Les programmes officiels classent les compétences visées par l'enseignement de la Physique et/ou
de la Chimie en trois catégories : (Cf. B.O.E.N numéro spécial 3 du 09/07/87) ce qui conduit à identifier
trois types d'objectifs :
- des objectifs de connaissance : ils sont fixés par les programmes officiels ; ce sont des
lois et des concepts scientifiques, des définitions, des unités, des modèles, des ordres de grandeur, des
exemples d'application….
- des objectifs de méthodologie théorique (encore appelés savoir-faire théoriques) : ce
sont des compétences concernant l'utilisation raisonnée des lois et formules, des exploitations de courbes,
des méthodes de raisonnement…
- des objectifs de méthodologie expérimentale (encore appelés savoir-faire
expérimentaux ou compétences expériementales) : ils sont liés à l'élaboration d’un protocole expérimental
et à sa mise en oeuvre dans la réalisation du montage ; ils sont liés aux mesures, à leur traduction
graphique et à leur exploitation. Ces compétences doivent être acquises durant les séances de travaux
pratiques.

► Les savoir-faire expérimentaux ne peuvent être acquis par les élèves


que si ceux-ci ont manipulé durant des séances de travaux pratiques.
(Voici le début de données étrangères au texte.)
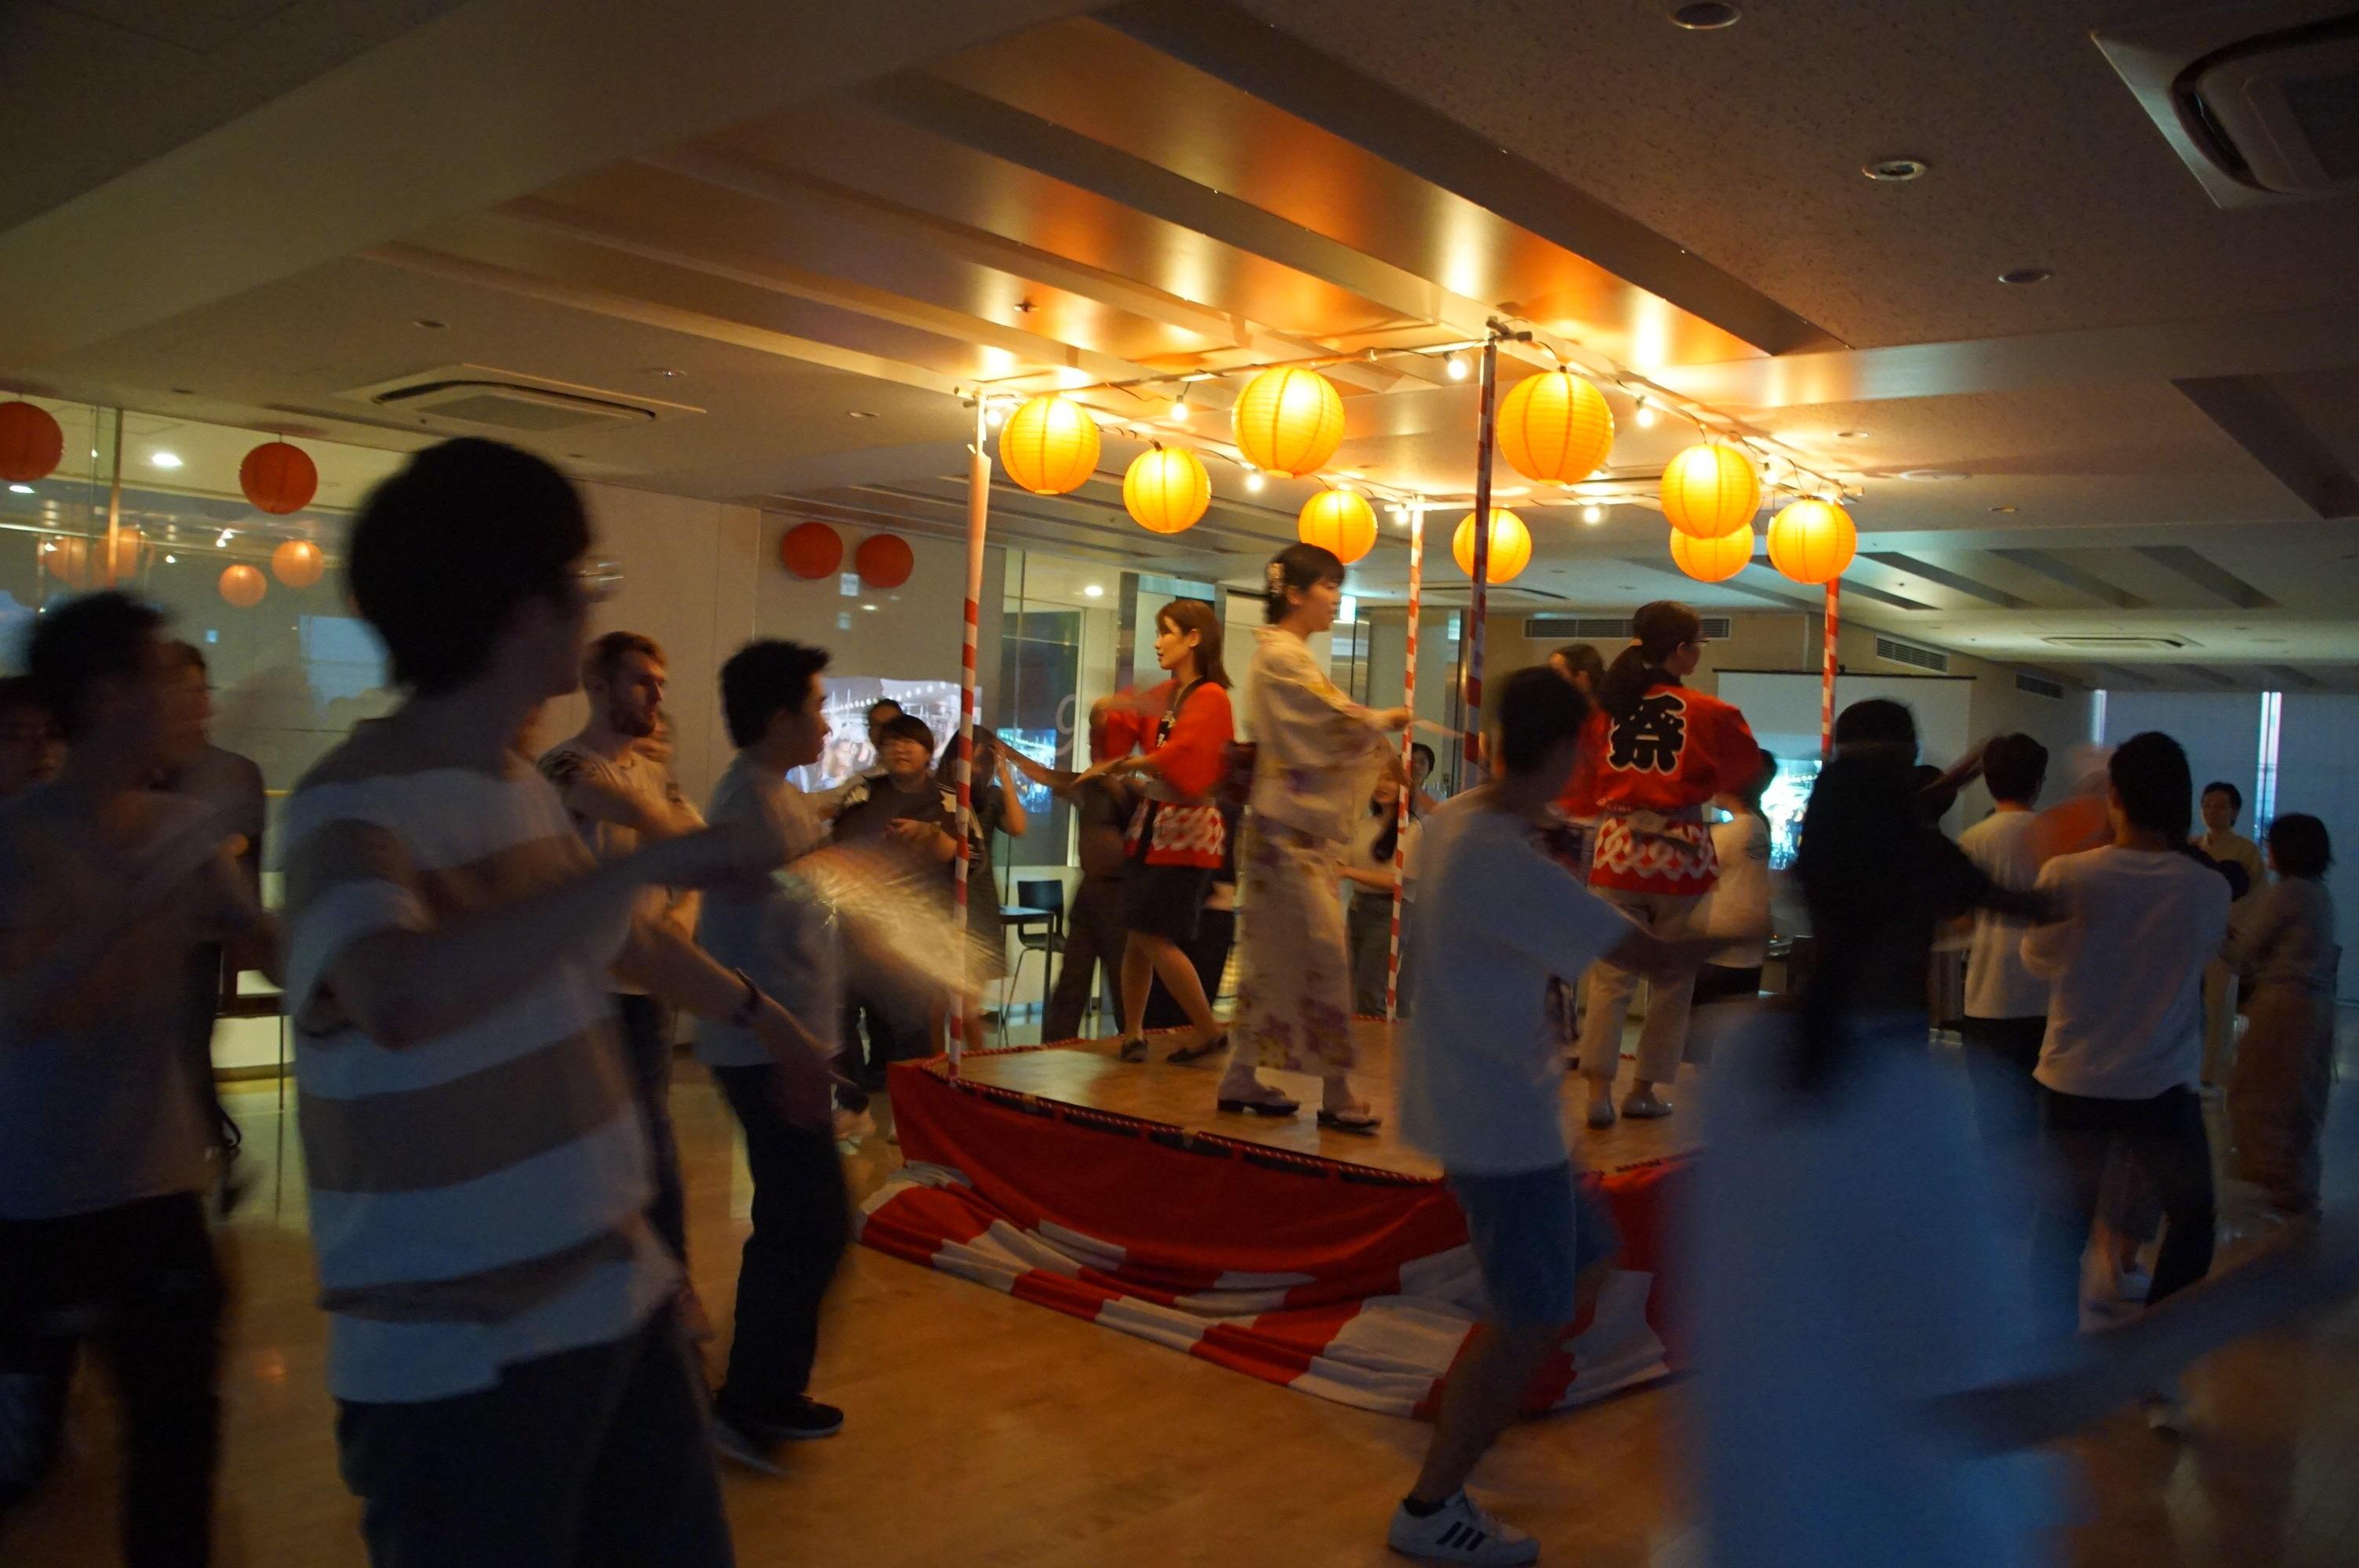 拓殖大学 日本文化体験講座「拓殖インターナショナル盆踊り大会」を開催

La Physique et la Chimie mettent en jeu de nombreux savoir-faire généraux liés à l’apprentissage


des divers langages de représentation :
a) la langue française parlée et écrite, dans sa dimension communication :
­ pour savoir formuler une idée : identifier ce que l’on fait varier et ce que l’on 
étudie, identifier le type de relation entre deux grandeurs.
b) l’outil mathématique :
- pour traduire en un langage universel ce qui est dit en français afin de
représenter globalement l’évolution d’un phénomène dans le but de le
modéliser (modes de représentation essentiellement algébriques et
graphiques) : même utilisé avec modération, l’outil mathématique reste
indispensable à toute possibilité de modélisation
c) le langage schématique :
- pour symboliser les grandeurs et les appareils servant à les mesurer en
respectant les règles d’écriture relatives aux divers types de schémas.

► Tous les apprentissages relatifs à ces savoir-faire généraux


sont mis en jeu au cours d'une séance de travaux pratiques.

"Ce sont les mots qui conservent les idées et qui les transmettent."
(Antoine Laurent de Lavoisier )
(chimiste français 1743-1794)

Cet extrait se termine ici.